Weekly Color Game: Learning Colors
At the beginning of every week, pick a color that your child will see daily, like blue.
Whenever you are doing something with that color, i.e.: cooking with a blue bowl, wearing a blue shirt, looking at the blue sky, playing with a blue block, ask your child what that color is. This will help your child learn their colors in a fun and inviting way.
Ask your child to pick out the blue Fruit Loops or blue marshmallows in his favorite ceral.
Look at picture books or magazines and pick out the different blues.
Find a story that incorporates blue into it like Blue’s Clues stories or rhymes like ‘Little Boy Blue’.
Make colored shapes and place magnets on the back or find some fun colored magnets to put on the refrigerator or dishwasher face for your child to play with.
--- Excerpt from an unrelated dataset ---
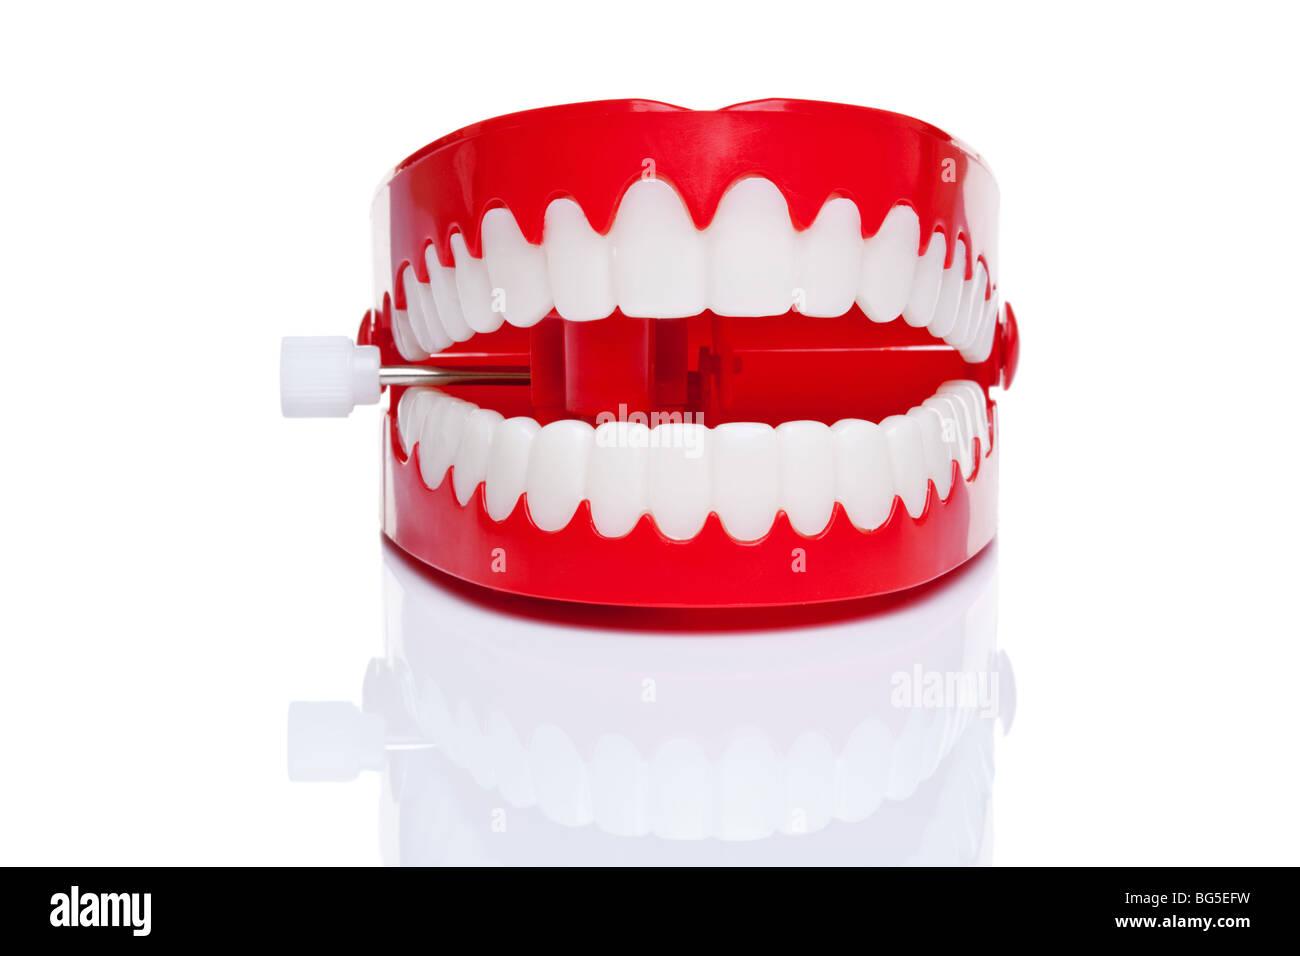 Une paire de dents de broutement liquidation blague sur un fond blanc, pur, photo haute résolution. Banque D'Images

Ask him to make a design using blue shapes. Do this every day for the week.
Using all the shades of blue in the crayon box will also help your child recognize that there are different shades of blue. Let him color pictures on the color-name papers using all those shades of blue. This will also help teach about shades.
At the end of the week, you might plan a ‘blue’ meal or party, using blue foods or dishes. Blueberries, blue fruit drinks, blue icing on a cupcake all make for fun additions to your menu. Use blue dishes or put a nice vase of blue flowers on the table (flowers are always a nice reward for mom’s hard work, too!)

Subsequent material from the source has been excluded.